# Dura-ace 7900 10 Speed Cassette 11-28



## Nickbar (Dec 22, 2009)

Hi there

Where can I purchase the above at under $200?


----------



## Clevor (Sep 8, 2005)

Nickbar said:


> Hi there
> 
> Where can I purchase the above at under $200?


Try ChainReactionCyles. Last I saw DA 7900 cassettes were going for $150-160 price range, but to get the free freight you have to purchase at least around $240.

You ARE aware the Ti cogs wear faster than steel cogs?


----------



## Nickbar (Dec 22, 2009)

*Dura Ace Cassettes*

You have lost me?

Please explain what you mean by Ti cogs been faster?


----------



## DaveT (Feb 12, 2004)

Nickbar said:


> You have lost me?
> 
> Please explain what you mean by Ti cogs been faster?


The last four (the four biggest) cogs on the Dura Ace cassette are made from titanium. Ti cogs are lighter than steel cogs but will wear faster, sort of a 'race-day' cassette. Kind of makes them somewhat impractical for everyday, all-weather use in some folks eyes. You may be better served by using the same sized cassette in the Ultegra 6700 level, you can find those for around $70~$80 easily. The weight difference between the 7900 and 6700 cassette is about 2 ounces (56 grams).


----------



## Nickbar (Dec 22, 2009)

Thanks, but i was under the impression that Titanium was harder than Steel?

But as it happens i have since bought a Sram steel cassette due to price difference, and if it's harder, that will be a bonus.


----------



## Clevor (Sep 8, 2005)

I have a Dura Ace 7800 12-25 and weight is 189 gms. The same cassette in Ultegra 6600 is around 237 gms, so maybe 48 gms difference here. If you do a lot of climbing, you'd like to minimize bike weight but then again, you will probably be spending a lot of time in those four Ti cogs , so to me, it's not worth it from the standpoint of wear.


----------



## Clevor (Sep 8, 2005)

Nickbar said:


> Thanks, but i was under the impression that Titanium was harder than Steel?
> 
> But as it happens i have since bought a Sram steel cassette due to price difference, and if it's harder, that will be a bonus.


There is a misconception about titanium. I've dealth with it in regards to automotive racing applications, e.g., Ti valves and connecting rods. It isn't all that much lighter than aluminum, but of course aluminum is softer than steel. Ti is prone to galling. I don't think you can heat treat it as you can do steel, so you can make steel 'harder'.
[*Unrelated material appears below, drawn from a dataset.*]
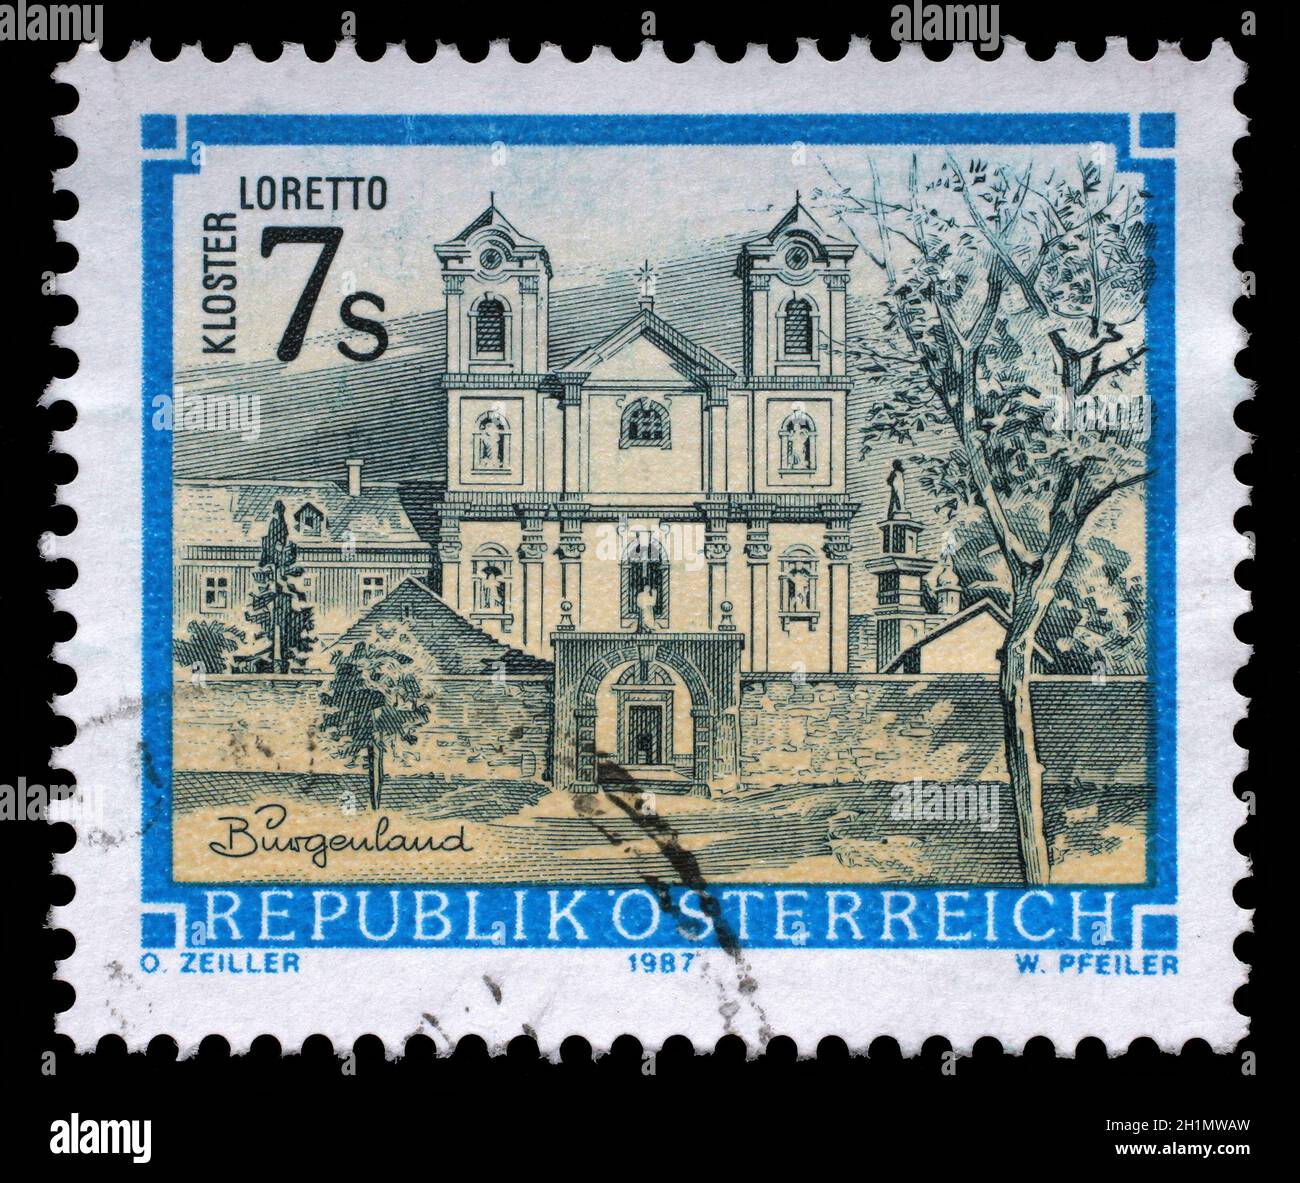 Timbro stampato da Austria, mostra Loretto monastero nel Burgenland, circa 1987 Foto Stock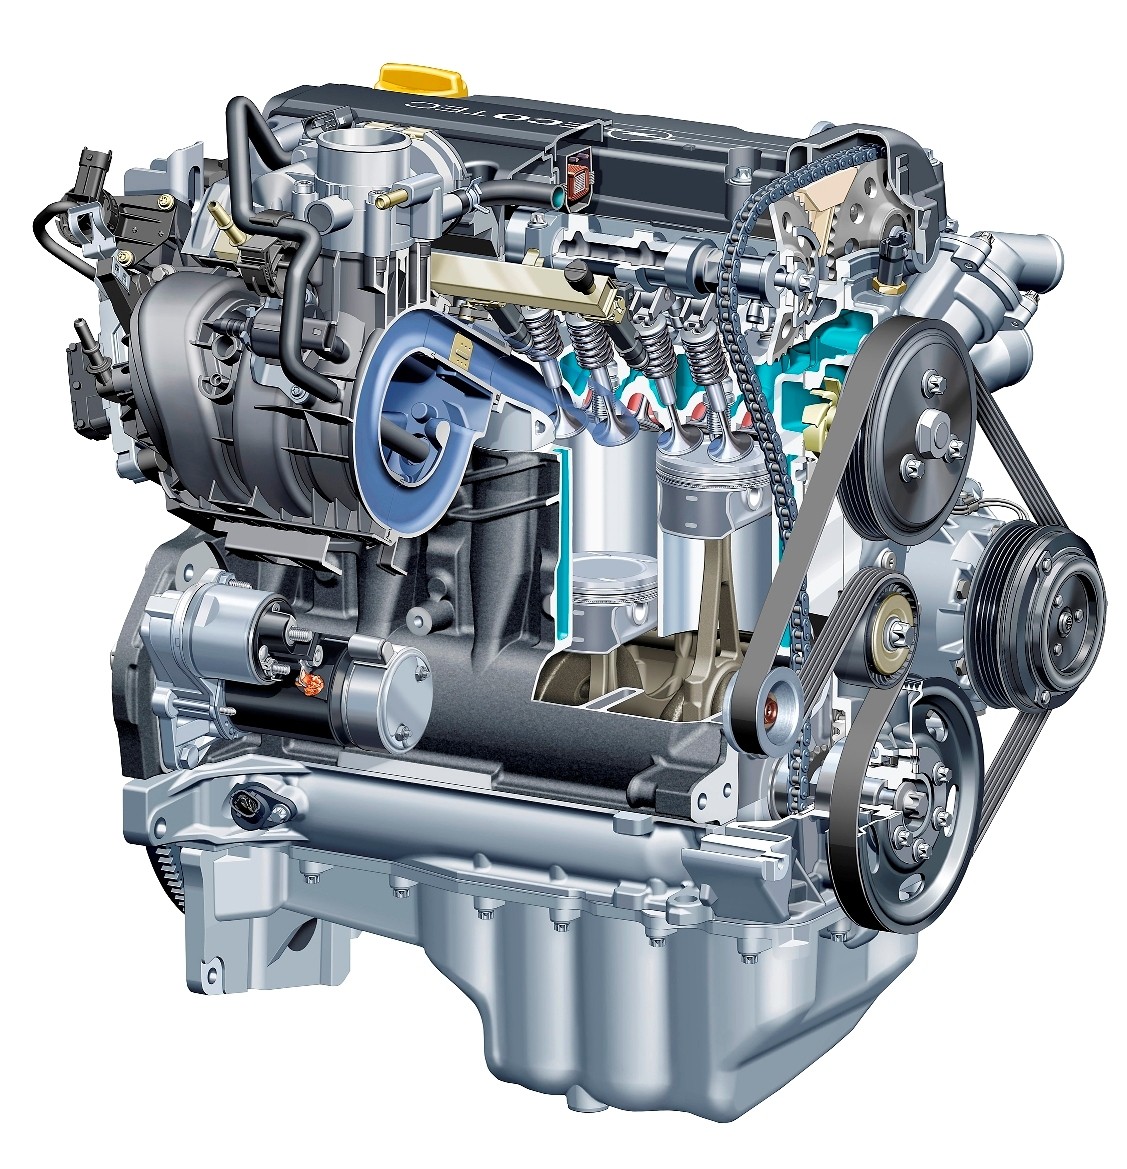 M54B25 2.5L motor iz BMW-a - najvažnije informacije na jednom mjestu

I have one Ti bike. It's great for bike frames since you don't need to paint it, it hardly scratches, and it has a maintenance free finish. You can accidentally nick the frame with the end of an Allen wrench (how many times have that happened to us on carbon fiber frames!), or drop a chain repeatedly and it has no affect on the Teflon-like surface.


----------



## asad137 (Jul 29, 2009)

Clevor said:


> There is a misconception about titanium. I've dealth with it in regards to automotive racing applications, e.g., Ti valves and connecting rods. It isn't all that much lighter than aluminum, but of course aluminum is softer than steel.


Actually titanium is heavier (denser) than aluminum.

And a lot of people confuse (tensile) strength with hardness. They're independent properties.

Asad


----------